Algorithm’s First Black Queen Blazes Her Own Trail, and Others’

  • PublishedDecember 9, 2020

Cornell University is a private, statutory Ivy League research university in Ithaca, New York. The university, 155 years old, was founded by Ezra Cornell and Andrew Dickson White.

At Cornell, her doctoral program in computer science allowed her to combine her math degrees with her interest in inequality and social impact.

Abebe is currently a junior fellow at the Harvard Society of Fellows. She boasts of the honour of being one of only two fellows with a computer science Ph.D. in the society’s history. She will join the faculty of the University of California, Berkeley, as an assistant professor of electrical engineering and computer science. 

Abebe’s honours include a Cornell Social Justice Award in 2019. She was also featured in “35 Innovators Under 35” in the MIT Technology Review in 2019 and in “Bloomberg 50: Ones to Watch” in 2018.

Abebe co-founded a group, Black in AI, in 2017. That group has ballooned from an email thread among a handful of researchers to a nonprofit organization with more than 2,000 members today.

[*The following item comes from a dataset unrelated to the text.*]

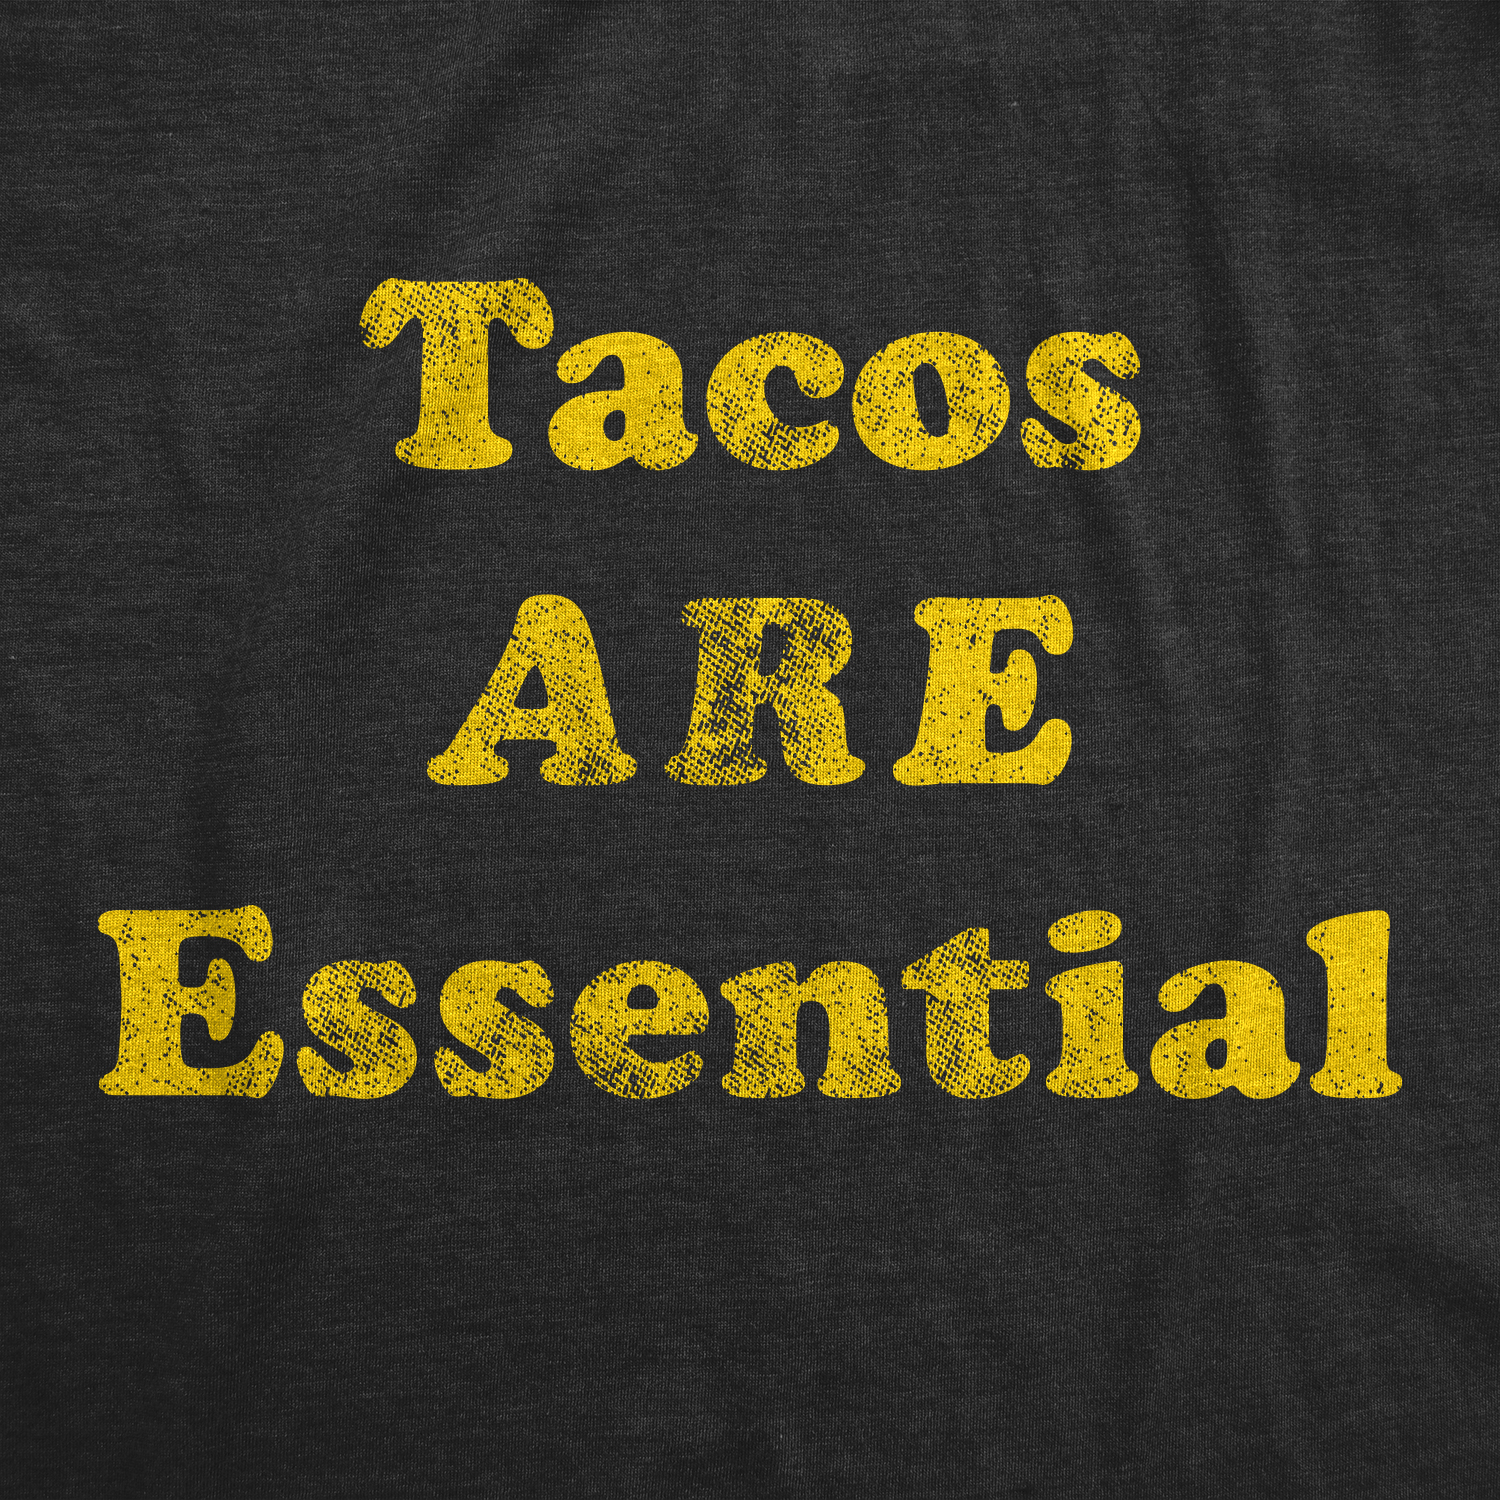 Crazy Dog Tshirts Mens Tacos Are Essential Tshirt Funny Taco Tuesday Novelty Tee

She is also a co-founder of Mechanism Design for Social Good, aimed at using algorithmic tools to improve opportunities for disadvantaged communities. The initiative currently has active members at more than 100 institutions in 20 countries.

Abebe feels accomplished that more black and Latino computer science doctoral students are becoming conscious about algorithms. 

In 2019, 14% of Cornell’s 35 incoming Ph.D. students in computer science were from under-represented backgrounds, and 31% were women. Abebe said she has also seen more awareness and acceptance in the computer science field.  

Designing algorithms for social good was the focus of her dissertation.

At Berkeley, she will be the first black female computer science professor on the faculty of her department.

After receiving a B.Sc. and M.Sc. from Harvard University and a Masters in Advanced Studies in mathematics from the University of Cambridge, Abebe chose Cornell for her doctoral studies largely to work with Jon Kleinberg, whose mathematical approach and research on social networks she admired.

According to Kleinberg, “Abebe’s work and vision have mobilized an entire research community, creating new directions for computing to address societal challenges and increase access to opportunity.” 

Abebe took advantage of Cornell’s interdisciplinary nature to learn more about social science and social disparity. Her mentors include Karen Levy, assistant professor of information science, and Kim Weeden, the Jan Rock Zubrow ’77 Professor of the Social Sciences and director of the Center for the Study of Inequality.

When she arrived at Cornell in 2015, Abebe was the only black doctoral computer science student on the Ithaca campus. Her connections with other computer scientists around the country led her to co-found Black in AI.

Abebe grew up in Addis Ababa, Ethiopia’s capital and a city of 10 million people, so she was not sure how she would adapt to Ithaca, but fell in love both with the university and its setting. And today, she is still conquering territories.